そんな金原さんの、キャミソールからのぞく細い腕と白い肌にはびっくりするほど。『AMEBIC』に、体重が40キロに満たない主人公が献血を断られるシーンがあるが、思わず「献血できますか?」と聞いてしまう。

「できないんですよ(笑)。仕事もデスクワークで夜型なので、肌は白くなりますし。鍛えたからだに憧れはあるんですけど、運動もしないですねぇ。あっ、でもこの間、初めて乗馬をしました。前から、一度やってみたかったんです。すごく楽しかった。馬が欲しくなる人の気持ちがわかりました。かわいいんですよ、顔が。でも、疲れましたね。終わった後、食事に行って煙草をすおうと思ったら、手が口元まで上がらないんです。腕がふるふるして。翌日も、一日使いものになりませんでした」

デビュー作『蛇にピアス』は、6月に英語版としてアメリカ、イギリスで出版。イタリア、韓国、台湾、香港、タイでもすでに発売されている他、スペイン、フランス、ドイツ、ロシア、中国など22か国から出版依頼が相次いでいる。3月には香港文学フェスティバルで、インタビュー形式の講演も行った。
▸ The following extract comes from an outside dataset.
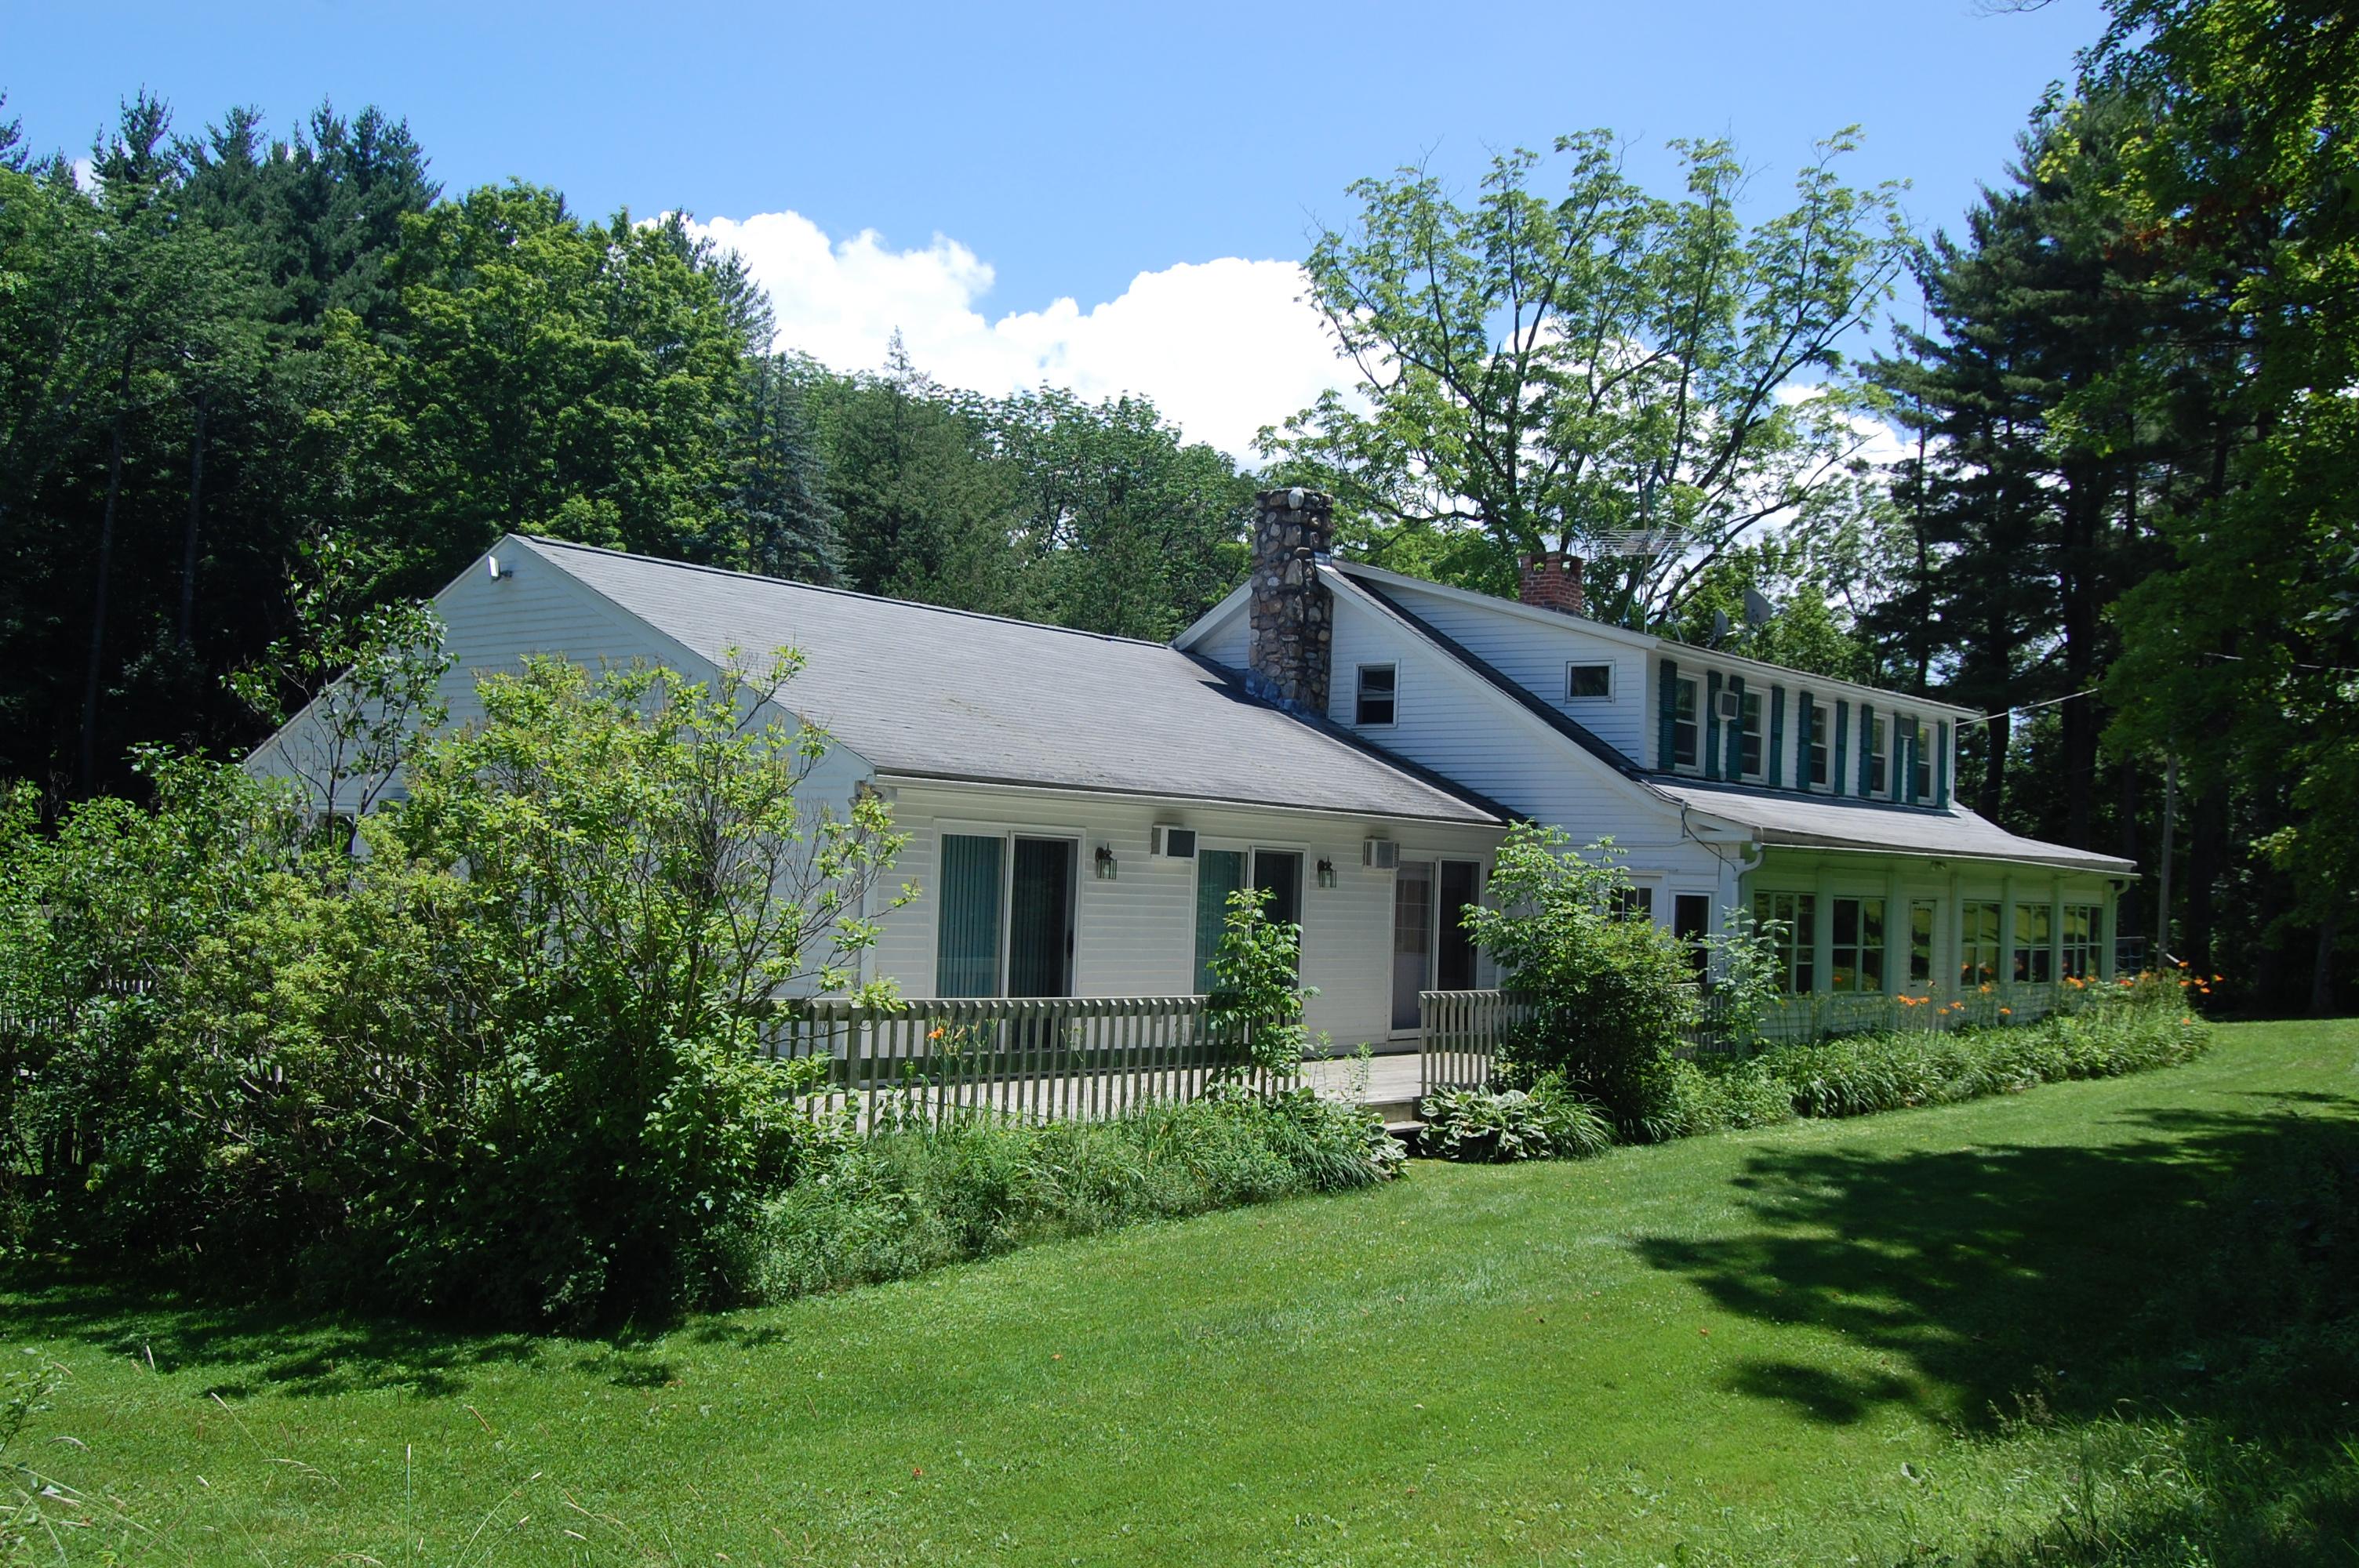 一戸建て のために 売買 アット 117 Pristine Berkshire Acres in Coveted Alford MA 216 Green River Rd Alford, マサチューセッツ, 01266 アメリカ合衆国

「いろいろな国で出版されるのは、とてもうれしいですね。装丁も日本版とは違ったり。読めないので、パラパラ見るだけなんですけど。香港は、ちょうど『AMEBIC』の直しをしているときだったので、原稿を持っていったんですが、結局、1ページも読まず(笑)。飛行機の中でも映画を見てました。でも、原稿がせっぱつまっているときだったので、逆に気分転換になりました」

海外での反応もまた楽しみだ。着実に成長を続ける金原さん。デビュー作、そして第2作に感じられた大きなテーマが『AMEBIC』ではどんな方向に展開しているか、ぜひみなさんの目で読み解いてほしい。